Marshside in the 40’s and 50’s
John Wright and I are second cousins, we nearly met as children on several occasions but he went out as I came in and I left when he arrived so neither of us remembers any occasion when we might have been at the same place at the same time. We might have met later in Manchester in the fifties but it didn’t happen then either. We became pensioners before we finally made contact!
That happened because we had both become members of the North Meols Family History Society and discovered the Members Interest List. We have been catching up ever since. He, of course was brought up in St Annes whereas I stayed in Marshside. He lived with his grandparents. I, (since the age of six) and my parents and my brother lived with our great aunt Ann at the end dwelling on Marshside Road, the last bungalow before the fogbell. The bank with the marsh and shore lay beyond it.

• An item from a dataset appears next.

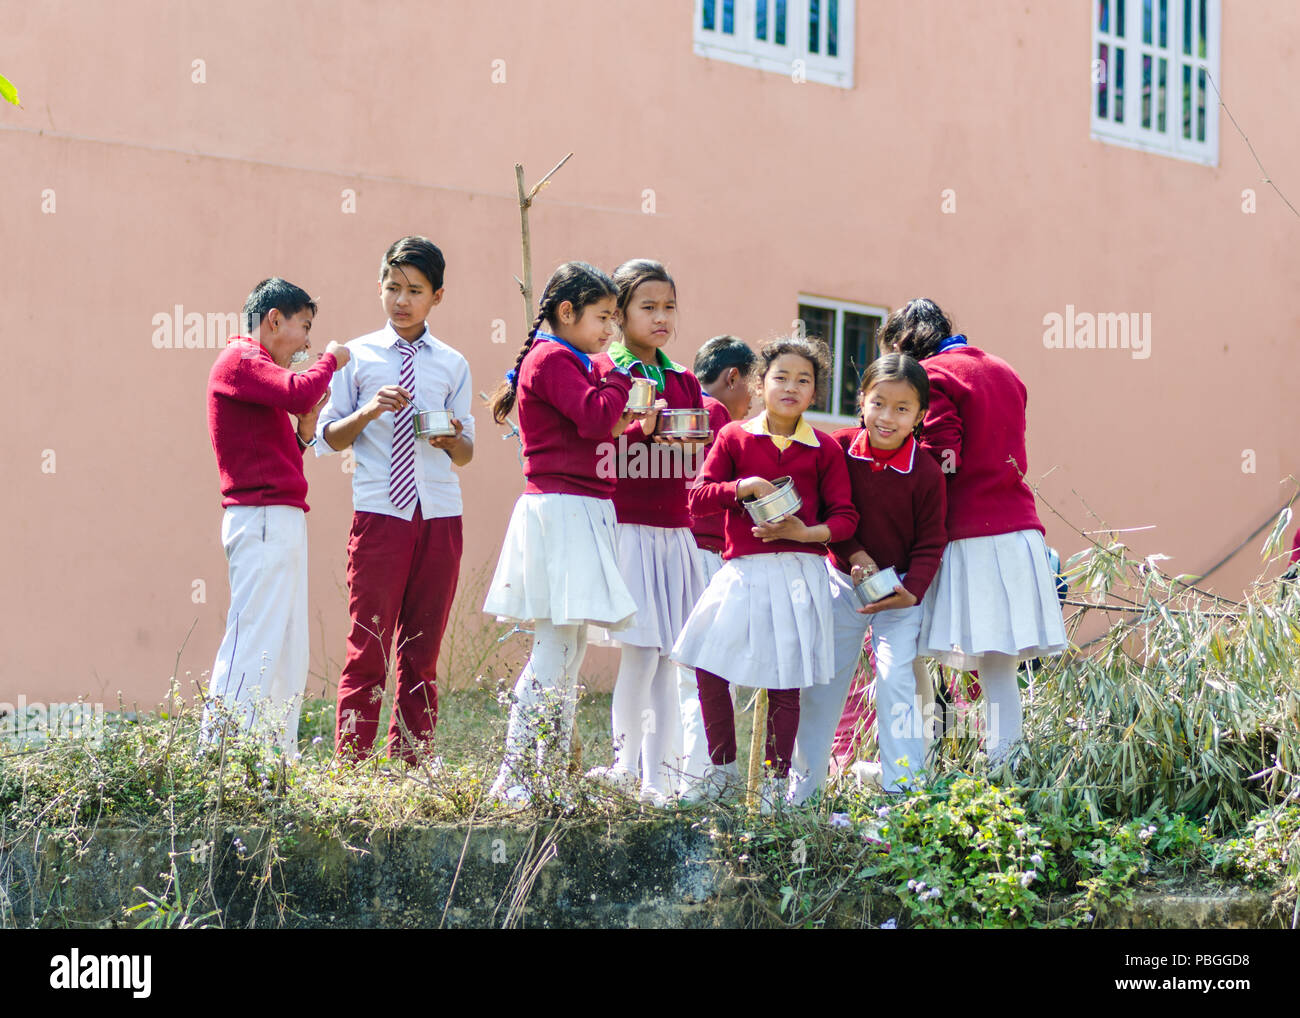 Écoliers en uniforme pendant la pause déjeuner dans les régions rurales du Népal Banque D'Images

This was a Methodist household and Aunt Ann followed the traditional ways. On Sundays there was no playing outside, no wireless except for the service in the morning. (Fortunately for me, Dick Barton Special Agent wasn’t broadcast on a Sunday). The only book approved of was the Bible. Aunt Ann had a big family bible one with locks and many pictures. Sunday School, morning and afternoon, and later, morning and evening services filled the day. If I go to a wedding or funeral now I rarely need to look at the hymn sheet, I know all the words.

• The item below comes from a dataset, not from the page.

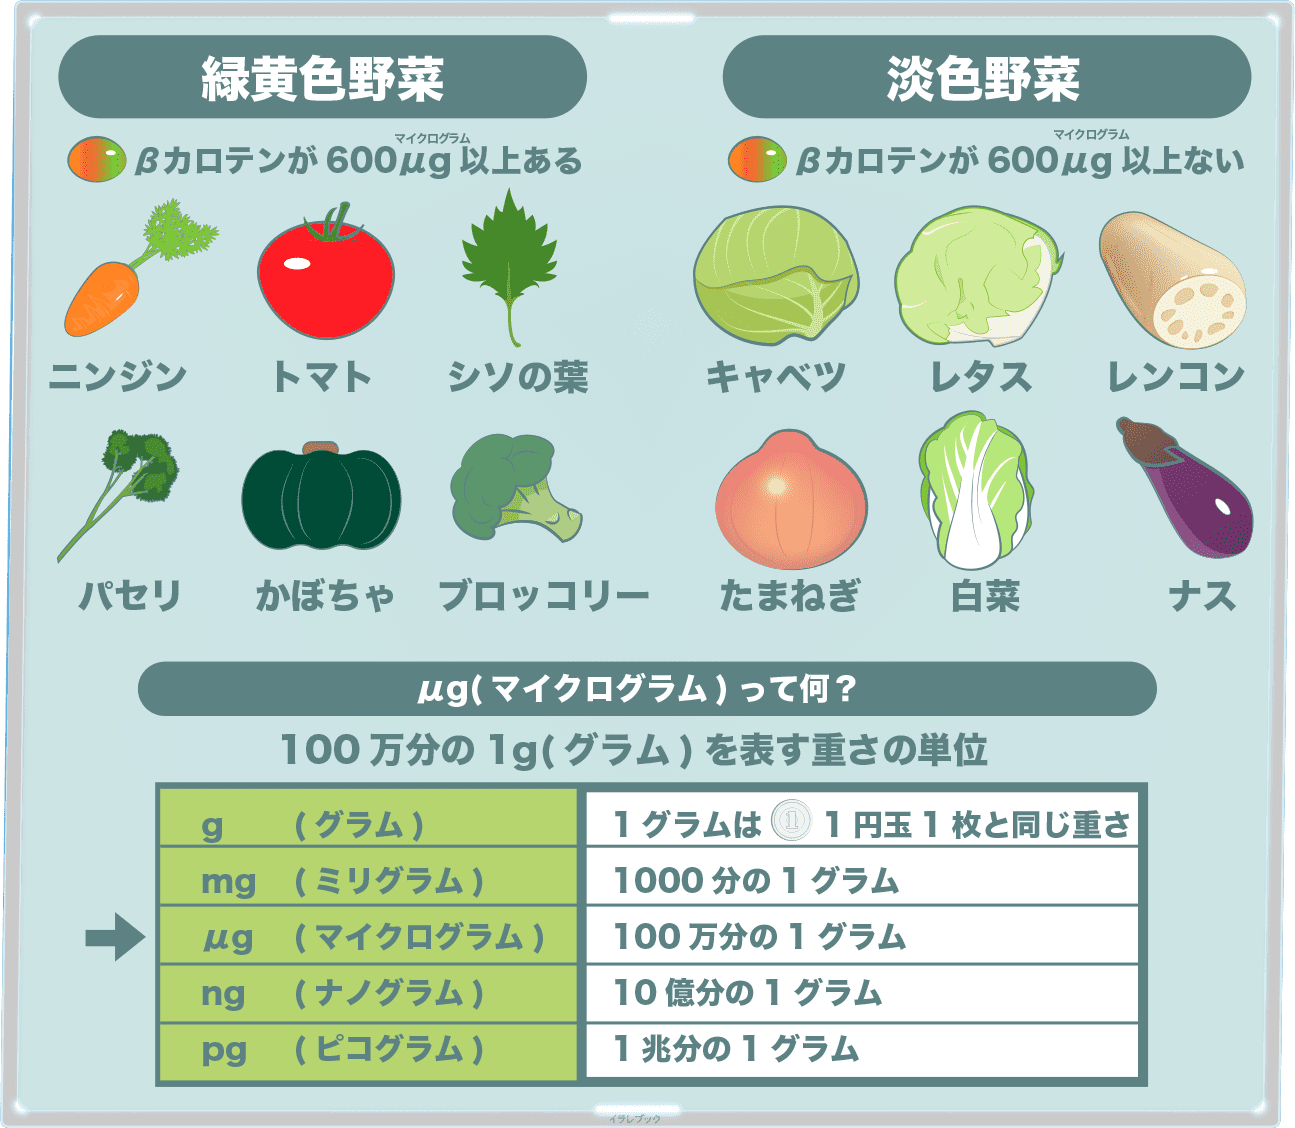 淡色野菜一覧 緑黄色野菜の基準とは 芋 キノコ 豆も Vegetable

Aunt Ann once gave my brother an envelope to put on the collection plate during the service and he opened it (not feeling a coin inside). When he discovered a crinkly white five pound note he thought there must have been a mistake and brought it back home.
At three and a bit I went to Emmanuel School like my mother before me. She always said my grandfather, a bricklayer, helped to build it. My mother had a certificate dated 1914 commending her on the regularity and punctuality of her attendance, not to mention her good conduct. I remember it with fondness, we did a bit of air raid practice, learned our tables and letters and also the words to Lily Marlene.
We kept ourselves busy, most of my friends were “Marshside Sunbeams,” (Morris dancers). Unlike the more usual image of adult male dancers, we were exclusively little girls. We’d practise on Monday evenings on the front outside Tommy Ball’s shop on Lytham Road corner, no music, but someone would lala “A Hundred Pipers” and off we’d go. Sometimes on a Saturday we went to competitions in other villages. At the end of the war we wore sashes in red, white and blue.